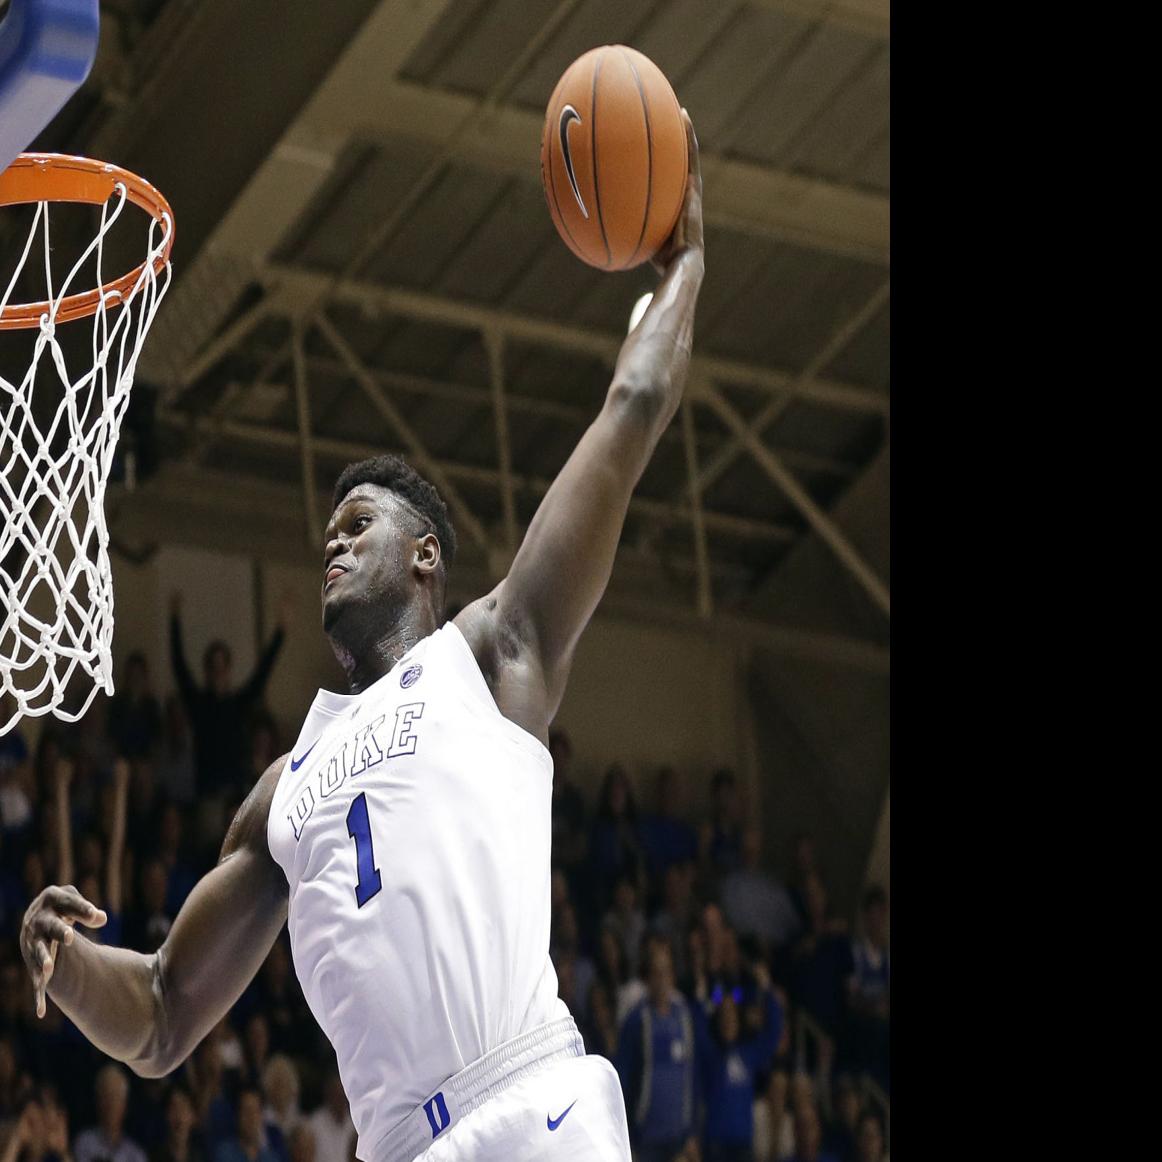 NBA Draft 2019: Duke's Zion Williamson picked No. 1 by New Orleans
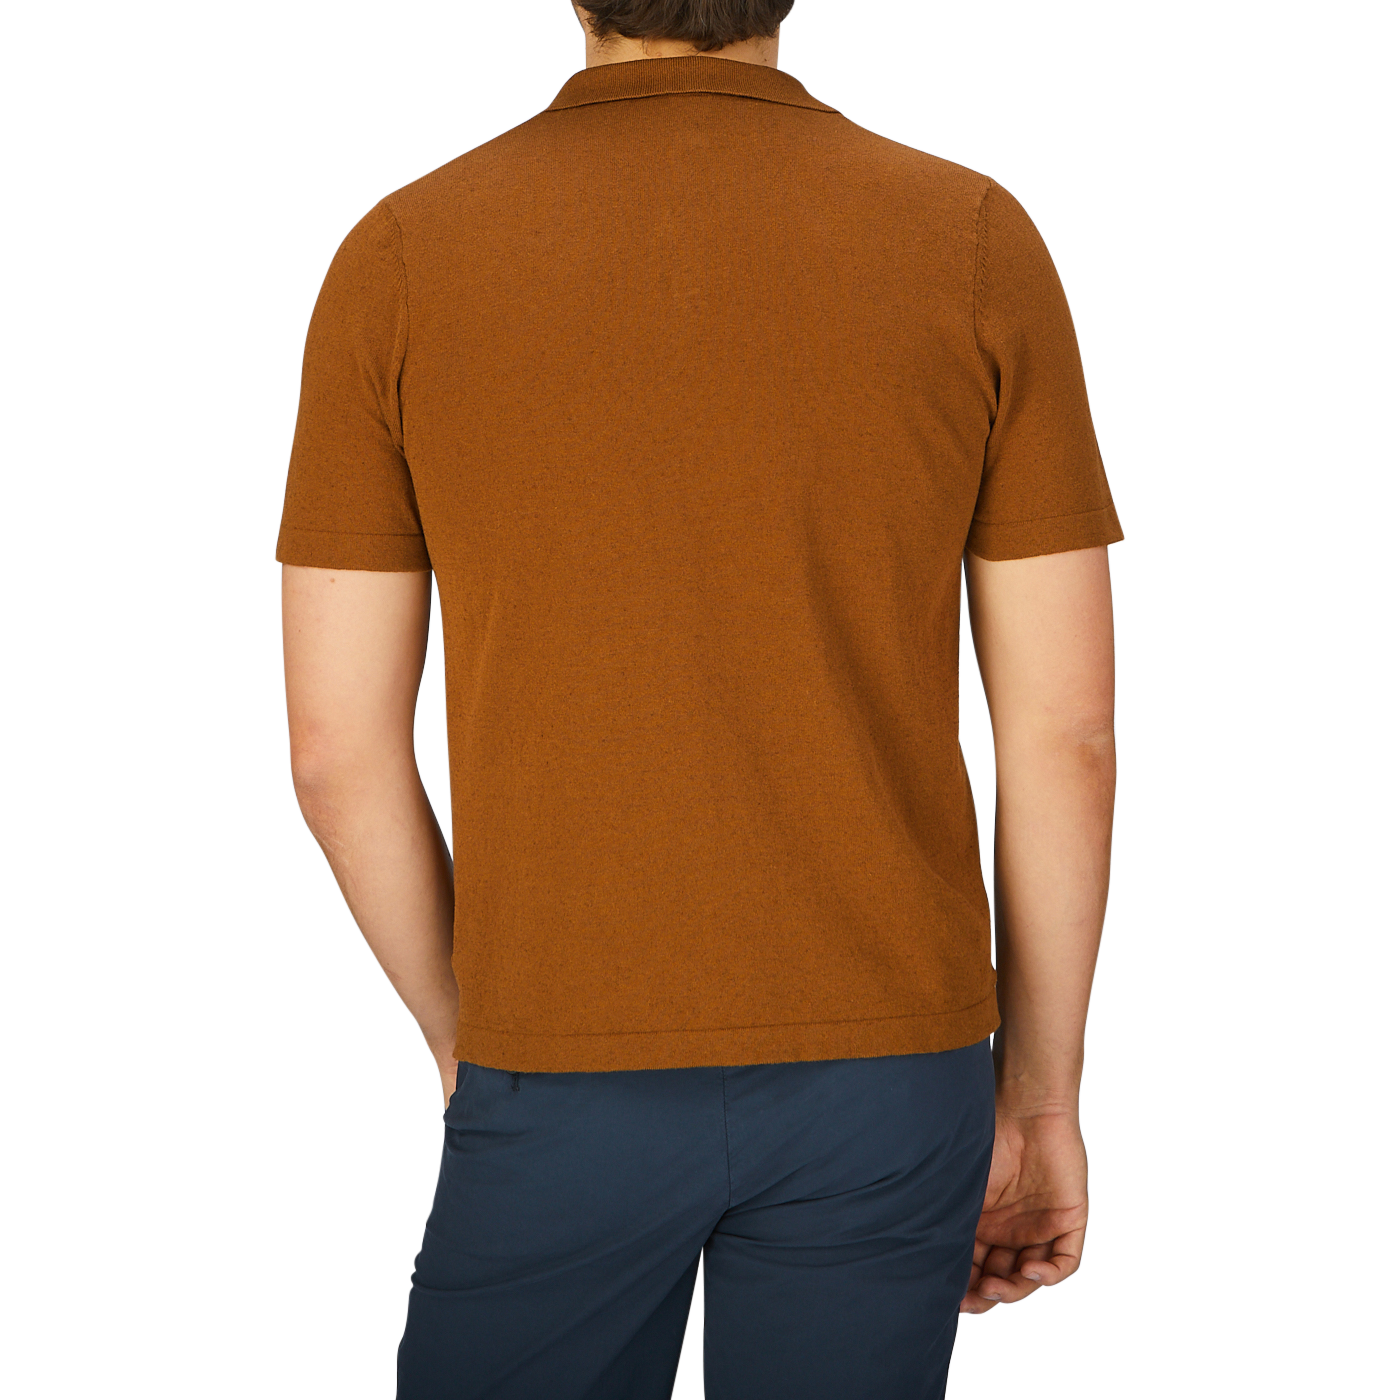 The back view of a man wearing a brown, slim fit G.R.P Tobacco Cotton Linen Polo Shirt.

...

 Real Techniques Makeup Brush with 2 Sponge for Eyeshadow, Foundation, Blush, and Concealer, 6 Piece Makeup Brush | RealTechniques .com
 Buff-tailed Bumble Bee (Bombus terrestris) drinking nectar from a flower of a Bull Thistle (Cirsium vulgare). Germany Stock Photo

* [WHAT YOU WILL DO] In the material above, the stretch from the line with "NBA Draft 2019: Duke's" through the line with "The back view" is to be given again exactly, minus the pictures.

* [TASK SOLUTION]
 NBA Draft 2019: Duke's Zion Williamson picked No. 1 by New Orleans
 The back view of a man wearing a brown, slim fit G.R.P Tobacco Cotton Linen Polo Shirt.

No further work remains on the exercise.